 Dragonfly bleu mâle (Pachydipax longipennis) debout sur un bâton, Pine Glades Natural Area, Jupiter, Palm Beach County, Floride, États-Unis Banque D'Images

○ ○ ○ ○ ○

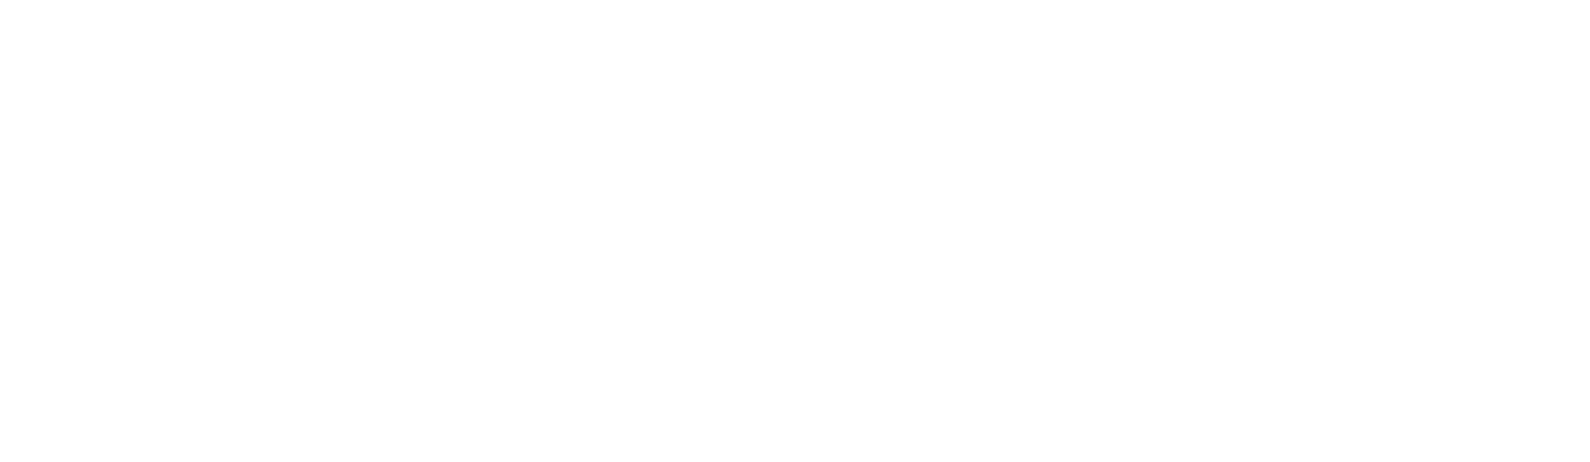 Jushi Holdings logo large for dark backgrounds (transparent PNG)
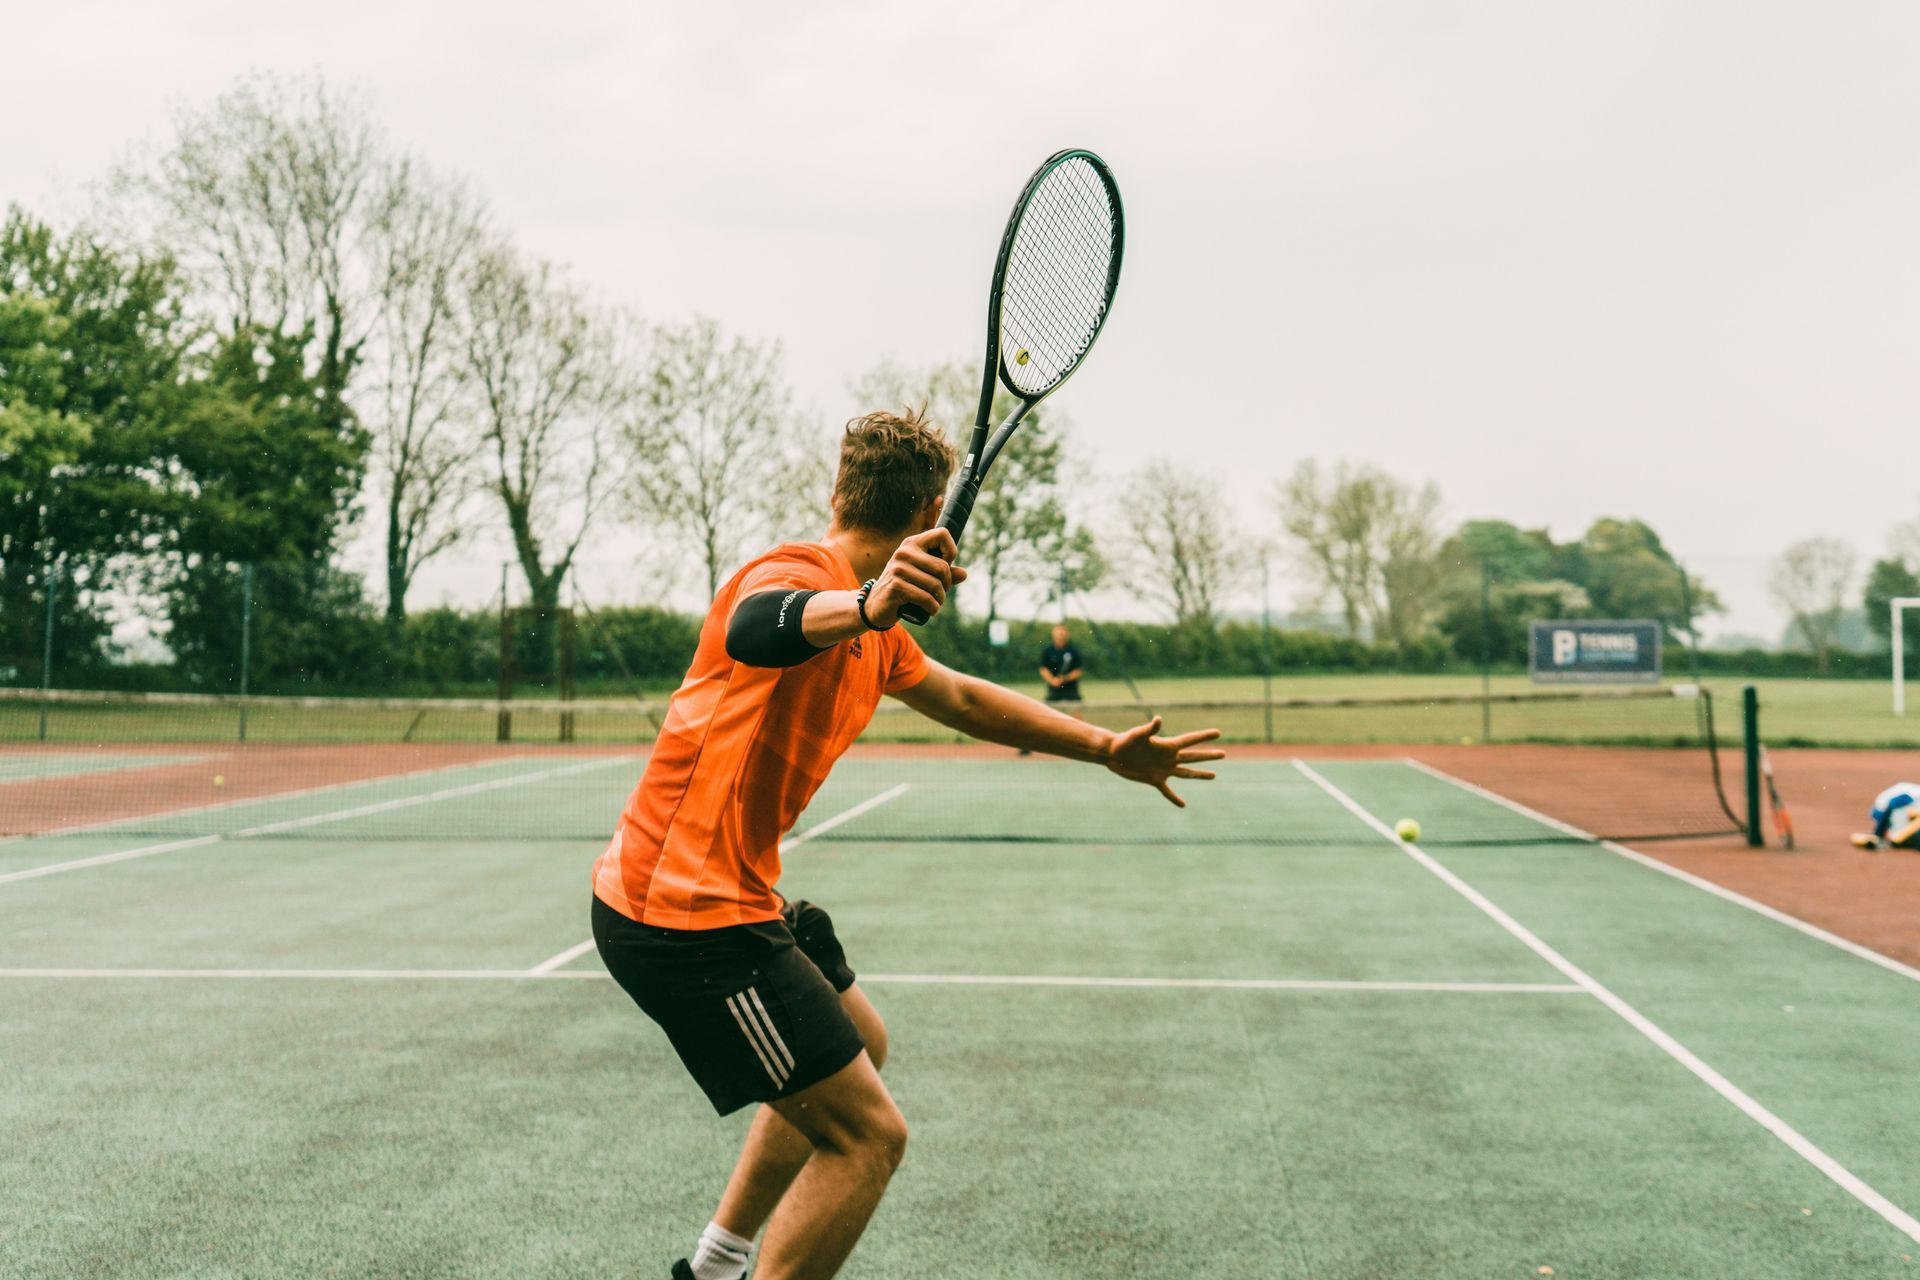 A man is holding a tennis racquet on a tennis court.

○ ○ ○ ○ ○

Print, exactly, each line above from the one with "Jushi Holdings logo" to the one with "A man is holding", end lines included. Leave pictures out of it.

**Output of the exercise**.
 Jushi Holdings logo large for dark backgrounds (transparent PNG)
 A man is holding a tennis racquet on a tennis court.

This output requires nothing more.